Further technical examination of the paintings may well confirm these tentative suggestions; and hopefully will be published in due course in an online catalogue of Whistler’s paintings.

Many thanks to Nadine Loach and colleagues at Dulwich Picture Gallery, to James M. Sousa at the Addison Gallery of American Art, and to Marta Fodor and colleagues in Boston.

Brown and Silver: Old Battersea Bridge, 1859-62, oil on canvas, 63.5 x 76.2 cms, Addison Gallery of American Art, Andover, MA., Gift of Cornelius Bliss, 1928.55.

The Last of Old Westminster, 1862, Oil on canvas, 60.96 x 78.1 cm, Museum of Fine Arts, Boston, A. Shuman Collection, Abraham Shuman Fund, 1939.44.

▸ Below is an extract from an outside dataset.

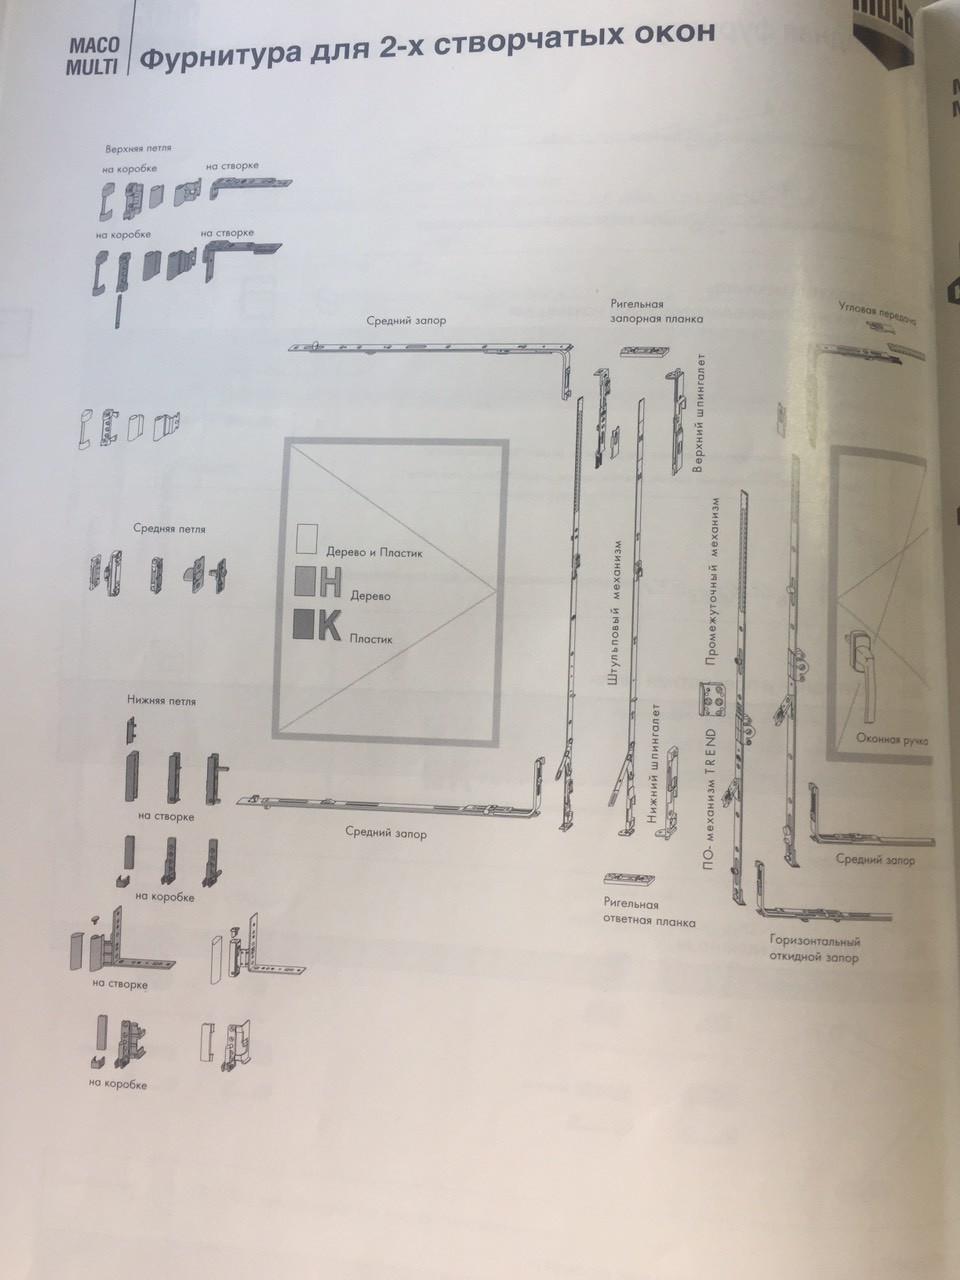 Dk_MACO_52407_П/О механизм фикс. Gr.5 VZ 1501-1750 GM 700

A. McLaren Young, M.F. MacDonald, Robin Spencer with H. Miles, The Paintings of James McNeill Whistler, Yale University Press, 1980.

 The Correspondence of James McNeill Whistler, 1855-1903, edited by Margaret F. MacDonald, Patricia de Montfort and Nigel Thorp; including The Correspondence of Anna McNeill Whistler, 1855-1880, edited by Georgia Toutziari. Online edition, University of Glasgow.http://www.whistler.arts.gla.ac.uk/correspondence

Margaret F. MacDonald, Grischka Petri, Meg Hausberg, and Joanna Meacock, James McNeill Whistler: The Etchings, a catalogue raisonné, University of Glasgow, 2012, online website at http://etchings.arts.gla.ac.uk.

M.F. MacDonald and P. de Montfort, curators: ‘An American in London: Whistler and the Thames’, Dulwich Picture Gallery 2013–2014: Addison Gallery of American Art, 1 February-13 April 2014; Freer Gallery of Art, May 2–August 17, 2014.